Before anyone could say more, Del Cullen appeared in the doorway of the room. He was looking worried. “She’s not there,” he said, directing his words at Hunt. Cullen had gone away to call Gina at the Geerbaine Best Western, since they had expected to hear from her by now on the latest with Baumer. “She didn’t check in last night, and they haven’t had any messages. Baumer hasn’t been seen since yesterday, either. There’s been lots of trouble outside. I don’t like it.”

CHAPTER THIRTY-FOUR

Gina was sitting on a wall beside Baumer, eating a grinil sandwich and sipping a hot, sharp-tasting beverage that passed for coffee. Then she was lying on her back, staring up at a strange ceiling.

The transition was as abrupt and as disorientating as that. She had no awareness of anything that had happened in between, not even a sensation of time having passed. It was as if a piece had been cut out of a recording tape in her head and the ends spliced cleanly together again.

For what must have been several minutes, she lay regrouping her scattered thoughts and trying vainly to coax an ounce of a recollection from the gap in her impressions. But there was nothing. Her train of memory was like the trace of a recording clock that had lost power and then started again sometime later, after what could, for all the information she had to go on, have been a moment or a year.

She raised her head and saw that she was still dressed as she had been; she was lying on a couch and covered to the waist by a light blanket. The room was warm and clean, furnished simply with chairs, table, closet, and vanity, and embellished with a few strangely styled ornaments, and some pictures on the walls. It felt more like what could have been a spare room in any private house than a hospital.

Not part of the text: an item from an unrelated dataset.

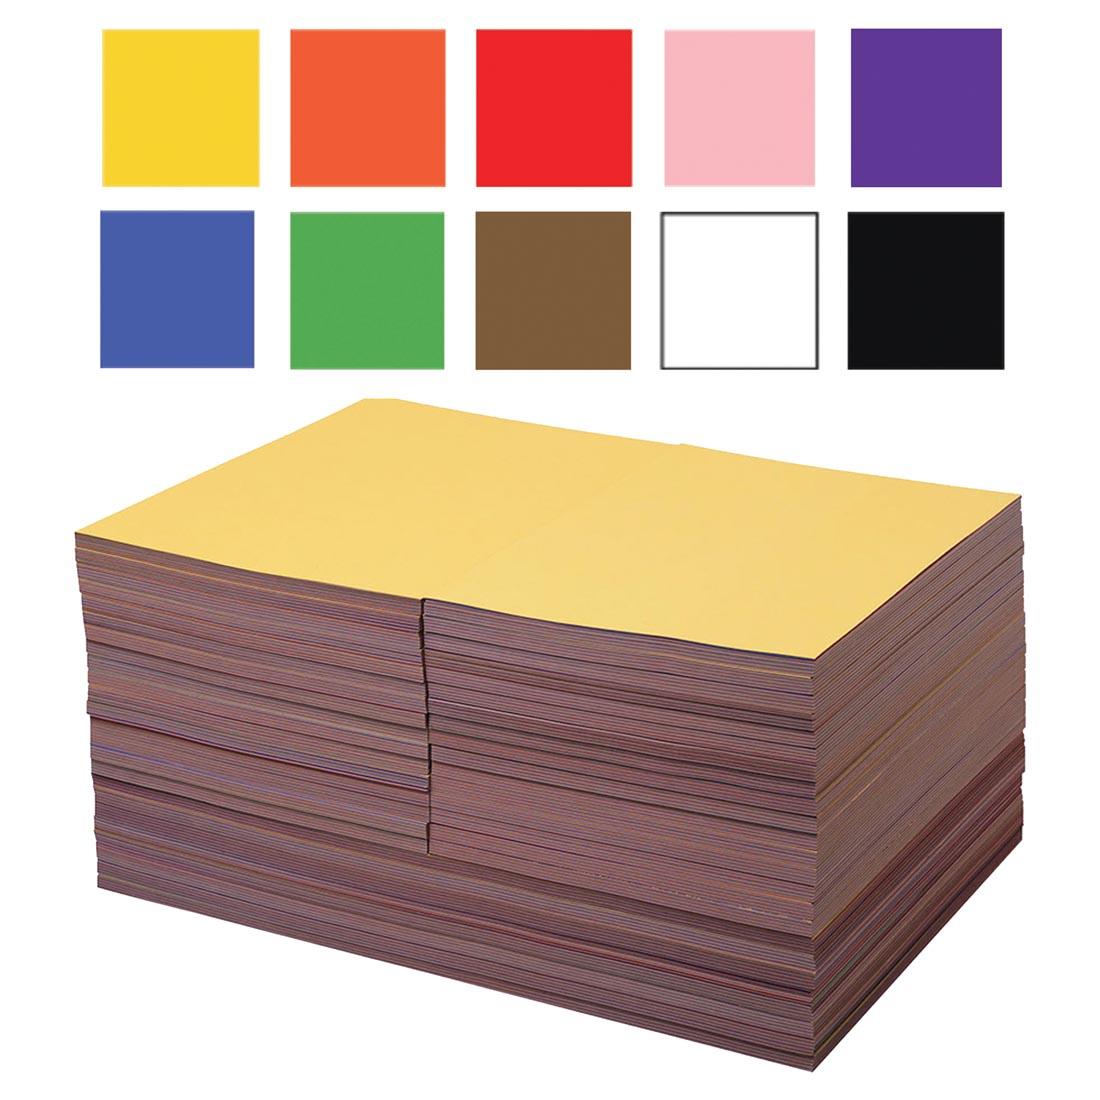 Tru-Ray Construction Paper Combo Case with 10 color swatches

But there was a trace of an odor permeating the place, which suggested, if anything, a kind of incense. She could detect no sign of any injury, and concluded that she hadn’t been in an accident. Therefore her amnesia had been induced deliberately; somebody didn’t want her to know where she was or how she’d gotten there.

Which said she was probably a prisoner.

She tried moving and found there was no restraint. But when she got up and crossed the room to try the door, it was locked. She turned to look at the surroundings again, and noticed the standard Jevlenese COM panel by the couch, similar to the one she had seen in Baumer’s office. “ZORAC, are you there?” she said aloud on impulse. “Can you hear me?” There was no response. “Channel fifty-six. Activate channel fifty-six.” Nothing. She went back to the couch and sat down to try and make something of the panel’s manual controls, but without result. On reflection it seemed a pretty silly kind of hope, anyway.

Then, all at once, the utter isolation of her predicament came home to her. She felt her resolve slipping, and fear taking over despite herself. Suddenly she wanted to be back in Seattle again, among her own things, knowing that familiar places and scenes lay outside the walls. She picked up the blanket and pulled it around her shoulders, knowing that the room wasn’t especially cool, but unable to feel warm. So much for curiosity and an interesting life. If she got back okay after this, she decided, from now on she’d join the local women’s club and get all the excitement she needed from the soaps.